Микроглия в хронической фазе более трех недель после операции показала более высокую интенсивность и разрешение флуоресценции и более однородное распределение из-за уменьшения отека и воспаления. Микроглия во всех слоях уже восстановила свою разветвленную морфологию и показала неподвижные клеточные тела и высокомодальные процессы. Изображения с высоким разрешением по всему CA1 предоставлялись в течение нескольких месяцев.
Сигналы от флуоресцентной микроглии помогают идентифицировать слои гиппокампа.
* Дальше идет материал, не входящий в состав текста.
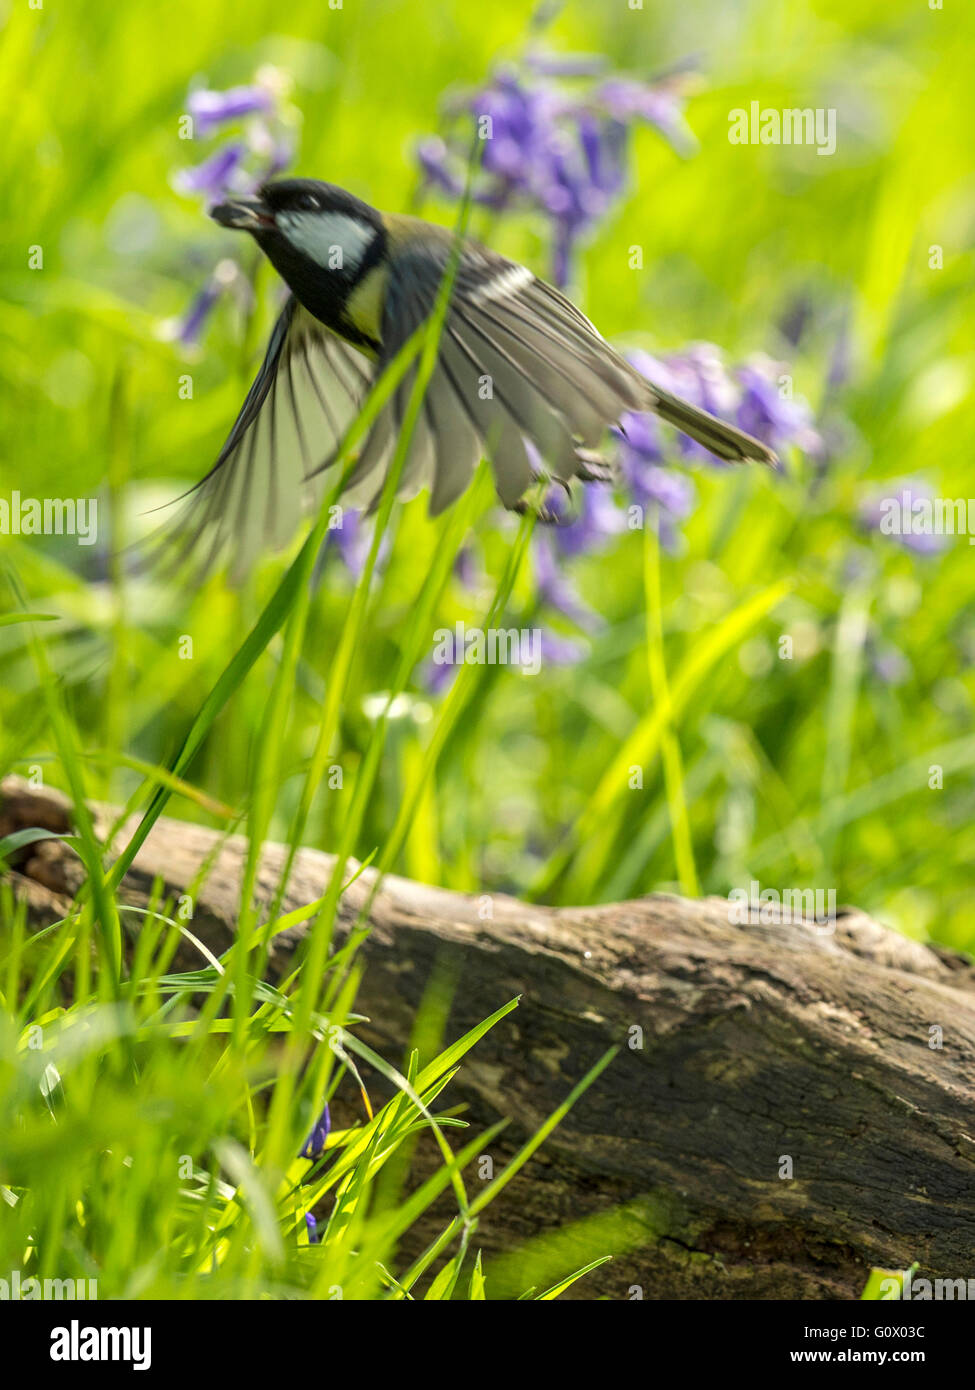 Große Titten (große Paripus) Nahrungssuche in Wald Natur. "Dargestellt, auf der Flucht", umgeben von blauen Glocken, Bewegungsunschärfe Stockfoto

Микроглия в альвеусе имела вытянутые клеточные тела и отростки, простирающиеся вдоль аксональных ходов. Микроглии в пирамидальном слое можно отличить по меньшей плотности их отростков.
Граница между CA1 и DG может быть распознана по толстым кровеносным сосудам, идущим вдоль границы, что было лучше распознано путем маркировки сосудов сульфорходамином 101. В качестве примера применения одновременно были визуализированы GFP-положительная микроглия и меченые tdTomato пирамидальные нейроны. Нейронная маркировка помогла понять точные слоистые структуры CA1.
Наиболее важным моментом является уменьшение повреждений от операции. Избегайте повреждения тканей аспирацией. Применяйте мягкое давление при вставке стеклянного дна и избегайте прикосновения зубного цемента к поверхности мозга.
Такой подход поможет выявить роль микроглии в гиппокампе. Например, как микроглия взаимодействует с нейронами, как они участвуют в обучении и как они контролируют заболевания мозга.